Papadopoullos Yahudi lobisinin de desteğiyle, ABD başkanlığına adaylığını açıklayan Donald Trump’ın ekibiyle temas kurdu ve enerji alanında Yunanistan, İsrail ve Kıbrıs arasında işbirliği yapılması gerektiğini Trump’ın ekibinin bilgisine getirdi. Kendisine başkan adayı Trump ile randevu ayarlandı. Bundan böyle Trump’ın ekibinden biri sayılıyordu. Nitekim, bu sıfatla 2016 Mayıs’ında Atina’yı ziyaret etti ve Kıbrıs’a da uğrayarak cumhurbaşkanı Nikos Anastasiadis ile görüştü. Papdopoullos’un söylediklerine bakılırsa, Anastasiadis oldukça keyifliydi. Purosunu tüttürüyordu ve “Allah’tan Trump kazandı” diyordu. “İngiliz üslerinden kurtulmak ve onların yerine Amerikalıların adaya gelmesini” istediğini söylüyordu

Sonunda, George Papadopoullos devre dışı kaldı ama Kıbrıs-İsrail-Yunanistan arasında işbirliğine dayanan “enerji-jeo-politiği” tıkır tıkır işliyordu. Kıbrıslı Rum karar vericiler, İsrail ile birliktelikten kazançlı çıkacaklarını, hem bölgede, hem de Washington nezdinde ellerinin güçleneceğini düşünüyorlardı.

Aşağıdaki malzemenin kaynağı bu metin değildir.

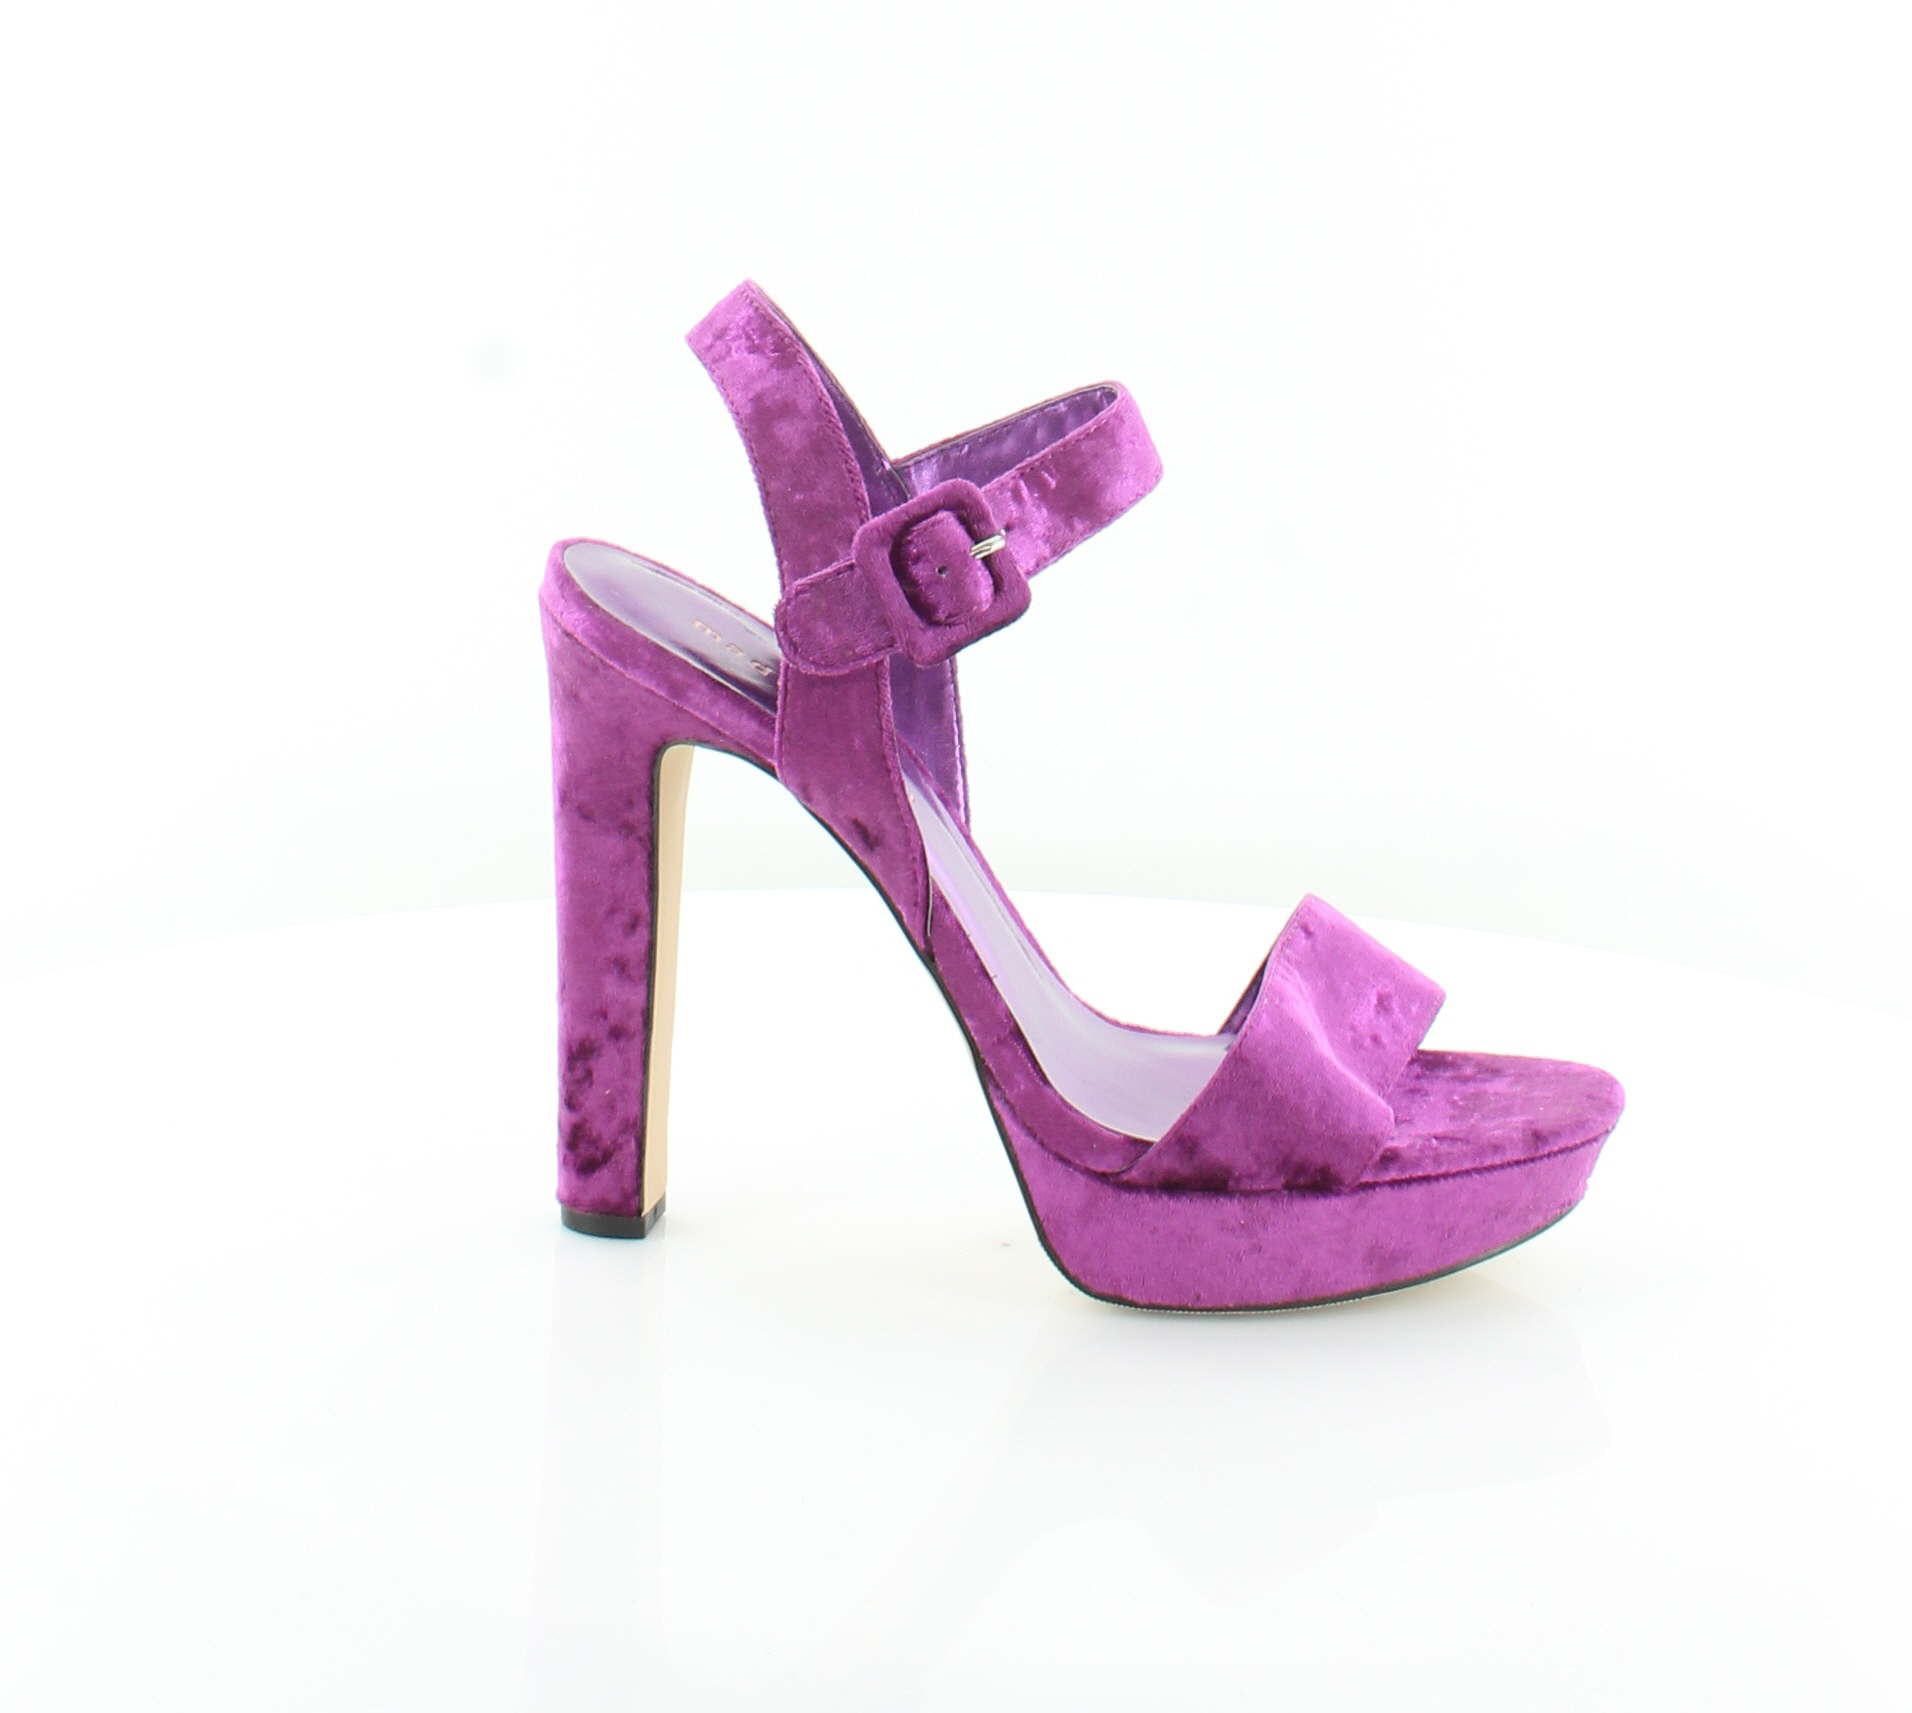 Madden Girl Rolloo Women's Heels Fuchsia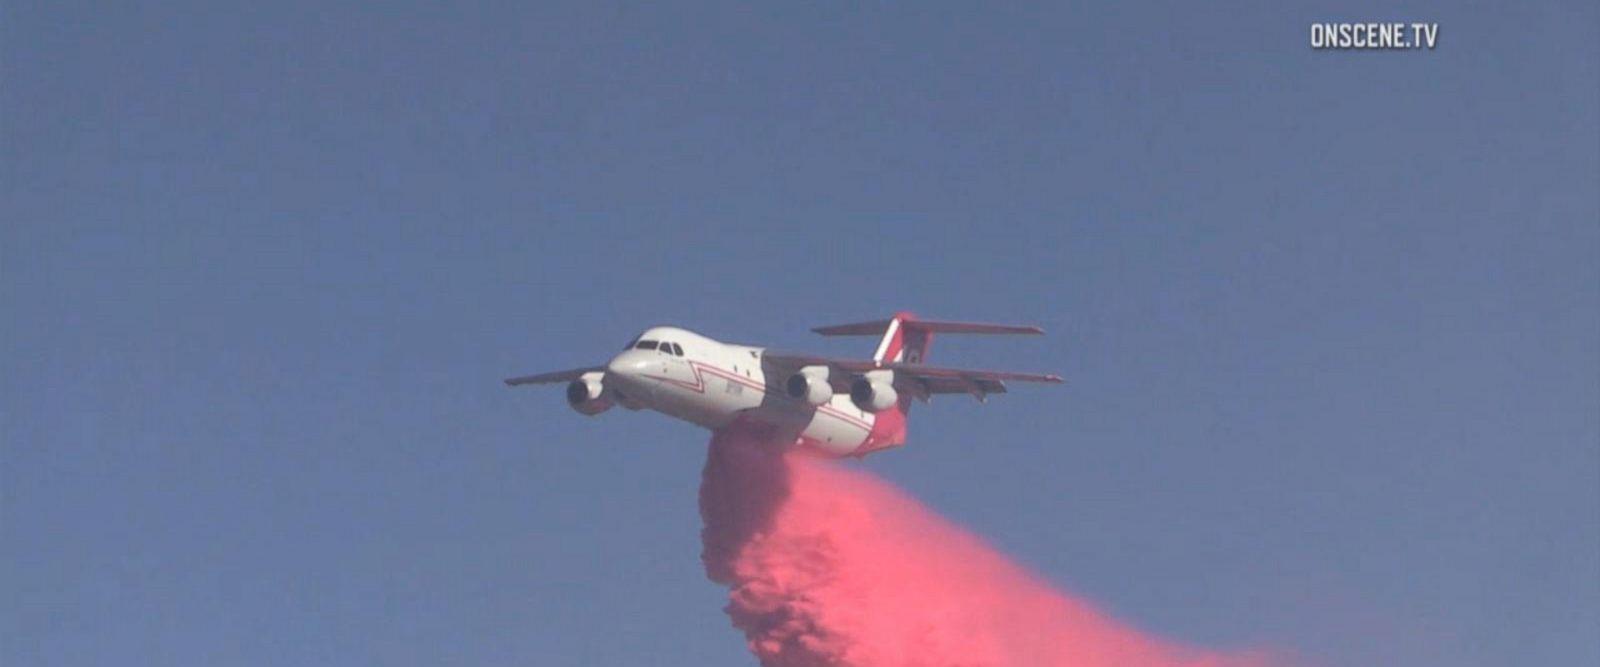 VIDEO: Wildfires spread as conditions worsen in California

O dönemde bu politikayı hararetle savunanlardan biri de Nikos Hristodoulidis idi. Nitekim, cumhurbaşkanlığı koltuğuna oturduktan sonra İsrail ve ABD ile ilişkileri en üst seviyeye çıkardı. Fakat, bu politikanın Kıbrıs Sorununun çözümüne olumlu yönde yansıyacağını söylemek imkansızdır. Türkiye’yi dışlama üzerine kurulan Kıbrıs-İsrail yakınlaşmasının Crans Montana’da yapılan Kıbrıs Konferansına yansımalarının olumsuz olduğu düşünülürse, bu politikanın devam ettiği sürece Kıbrıs Sorununun federal zeminde çözülmesinin mümkün olmayacağını söyleyebiliriz.

Bu yüzden, Trump yönetimi Kıbrıs konusunda bir karar alacaksa, öncelikle bölünmüş Kıbrıs’ın jeo-politik bir rekabetin parçası olmaktan kurtulamayacağını, bunun da Batı’nın çıkarları açısından sakıncalı olacağını idrak etmek durumundadır.

İkinci Trump yönetimi Birinci Trump yönetimi gibi, Doğu Akdeniz’de Türkiye’yi dışlayan ve Yunanistan, Kıbrıs ve İsrail’in işbirliğine dayalı bir strateji izlerse, Kıbrıs Sorununun çözümüne destek değil, köstek olur!